Qatar’s Islamic finance sector to get central regulation
The Islamic finance sector in Qatar is moving towards a higher level: Efforts are underway to standardise and centralise the regulations for entire Islamic banking and finance industry in order to align the sector with the best global practices.
This is the core of the recent initiative of the Qatar Central Bank (QCB) to adopt central supervision for the sector, following the examples of countries such as Malaysia and Indonesia and others in the Gulf Co-operation Council in order to harmonise Shariahcompliant banking products and
financial services.
The QCB — according to its Financial Stability Review for 2018 — said that measures were in place to establish a centralised Shariah supervisory body and create Shariah standards to govern Islamic banking products and transactions.
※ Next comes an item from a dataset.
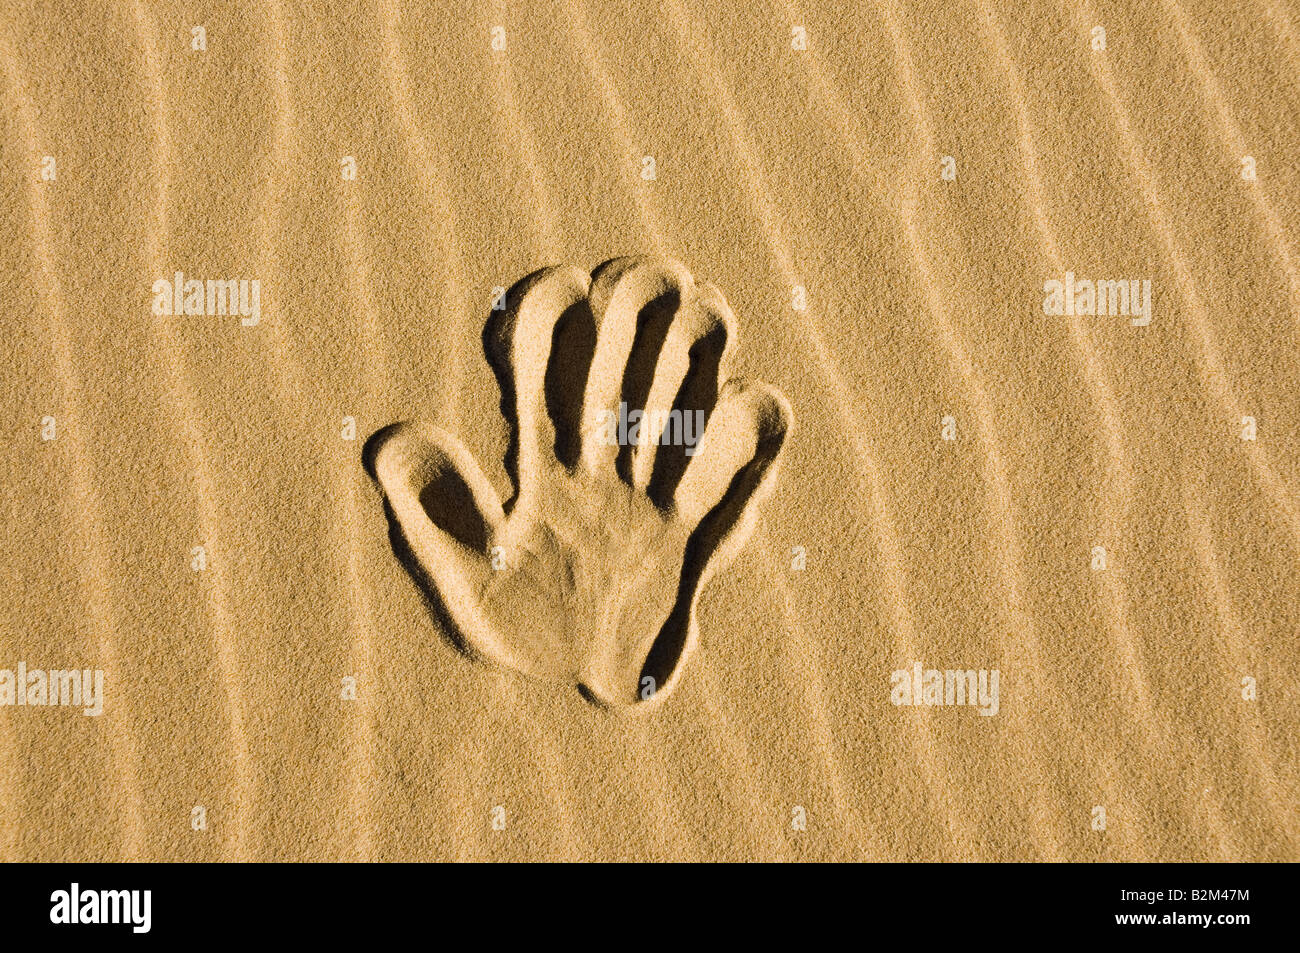 Impresión de mano en la arena Foto de stock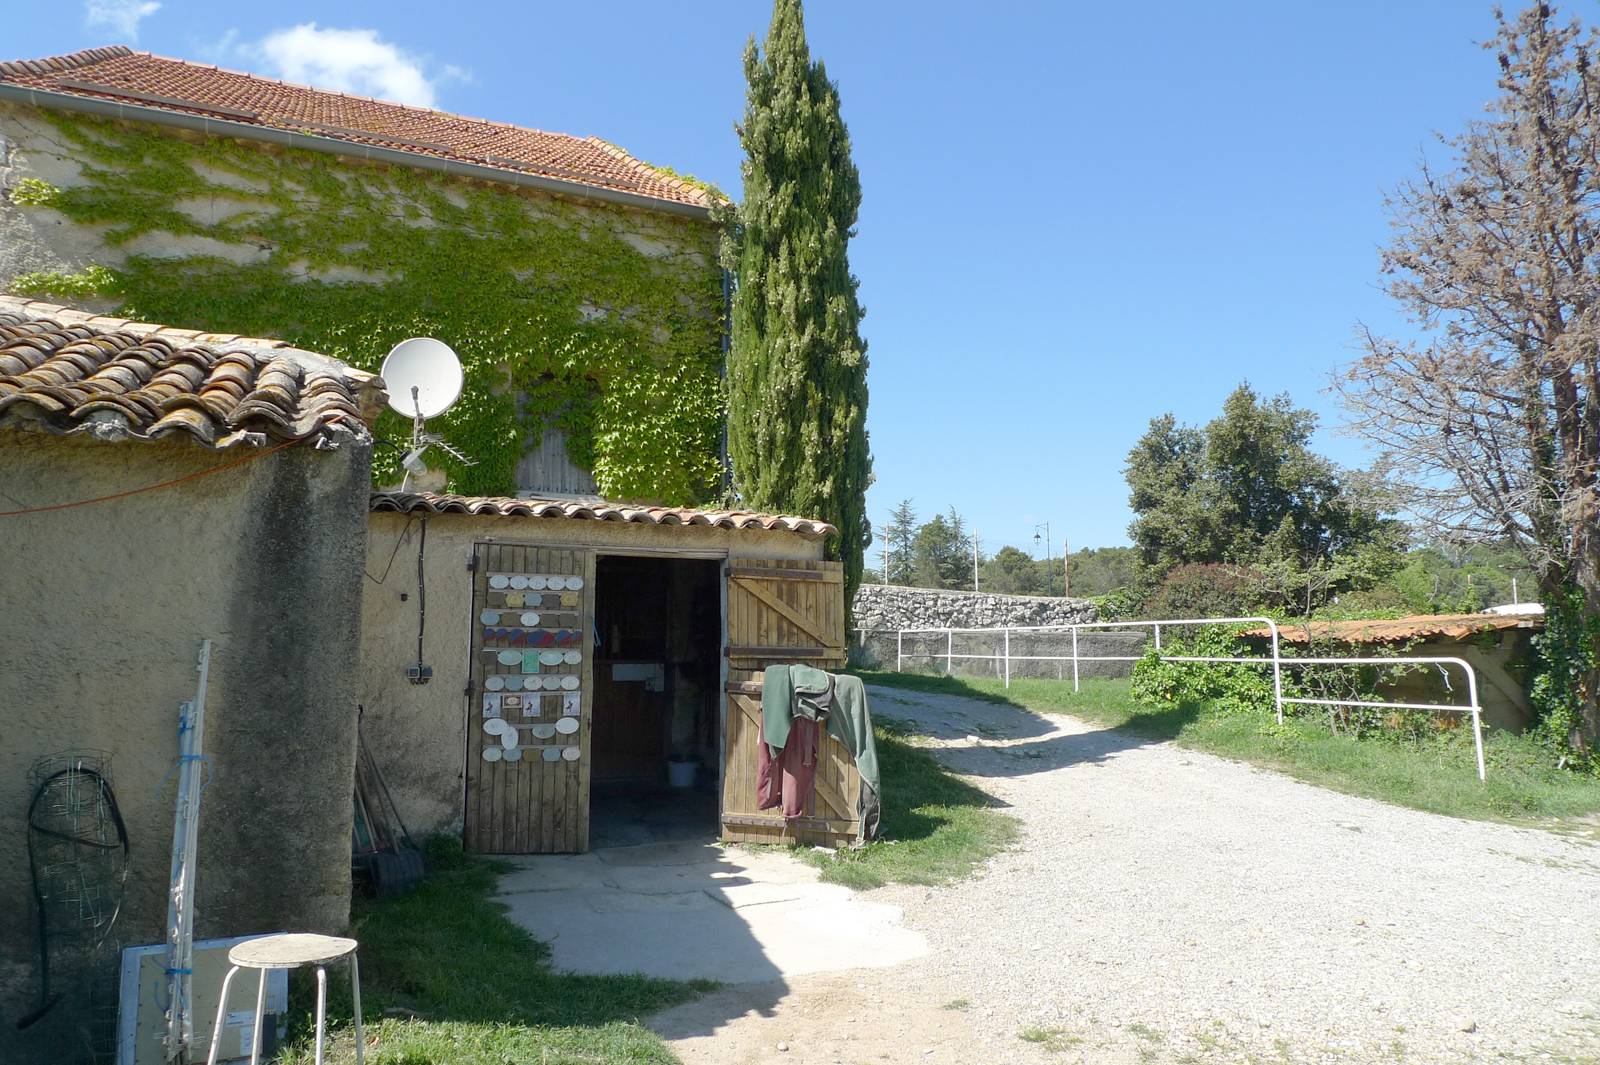 A vendre Mas de village Drôme Provençale  PAR NOS SOINS A vendre Mas de village Drôme Provençale VENDU  PAR NOS SOINS

This would end the practice of Qatari Islamic banks of self-governing by individual Shariah boards and also help overcome controversies over some non-standard financial product structures.
Further details are still to be announced, especially the date of the launch of such a centralised supervisory body, and how it will operate. This is of importance particularly for international financial institutions seeking to do Shariah-compliant business with Qatari banks and financial institutions.
The move by the QCB comes at a time when newest figures on the Islamic banking and finance industry have been released by the Malaysia-based Islamic Financial Services Board (IFSB), an international organisation promoting the Islamic banking and financial services industry.